The respondent's neglect in filing the will violated Canon One, DR 1-102(A)(5) and (6); Canon Six, DR 6-101(A)(3); and Canon Seven, DR 7-101(A)(1)-(3). The respondent's failure to obtain prompt confirmation of his appointment as executor and to timely carry out his duties as executor, including his failure to timely file the estate tax return and pay the estate tax, his failure to timely marshal and distribute the estate assets, and his failure to deposit estate funds to a proper interest-bearing account, violated Canon Six, DR 6-101(A)(2) and (3); Canon Seven, DR 7-101(A)(1)-(3); Canon Nine, DR 9-102(A), (B)(2) and (4), and (C); and Mass. R. Prof. C. 1.1, 1.3, and 1.15(a), (b), (d), and (e). The respondent's neglect in failing to render accounts at least once a year regarding the estate as required by M.G.L. c. 206, ß 1, and upon request by a beneficiary's representative and Bar Counsel, violated Canon One, DR 1-102(A)(5); Canon Six, DR 6-101(A)(3); Canon Nine, DR 9-102(B)(3); and Mass. R. Prof. C. 1.3, 1.15(b), and 8.4(d).

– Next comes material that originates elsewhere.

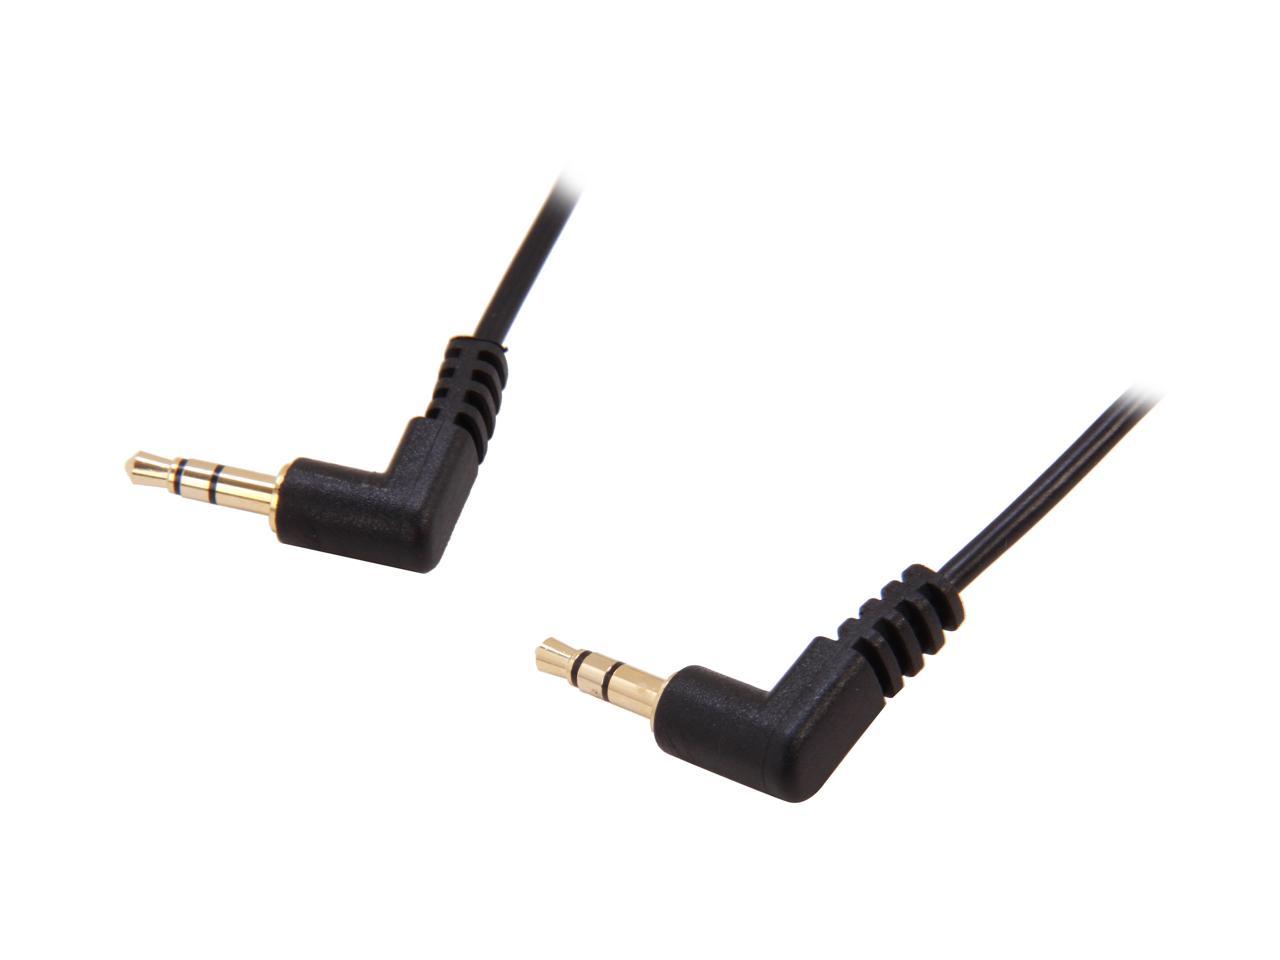 Male to M Stereo Audio Adapter Cable Startech MU3MMS2RA 3.5mm 6' Straight Cord

The respondent was admitted to practice in 1964. In aggravation, the respondent's difficulties in handling this estate occurred, in part, as a result of his undertaking to handle too many matters as a sole practitioner. In mitigation, the respondent paid all penalties and interest due as a result of his late filing of the estate tax return, and waived his executor's fee. No harm resulted to the life beneficiary of the trust due to the delay in funding the trust, as the funds were not needed for his care. The respondent's final account was allowed without objection. The respondent has taken steps to conduct his practice in a more efficient manner, including limiting the number of cases that he will take and no longer handling any estate administration matters. The matter came before the Board of Bar Overseers on a stipulation of facts and a joint recommendation for discipline. The Board of Bar Overseers accepted the partiesí recommendation and imposed a public reprimand.

1 Compiled by the Board of Bar Overseers based on the record of proceedings before the Board.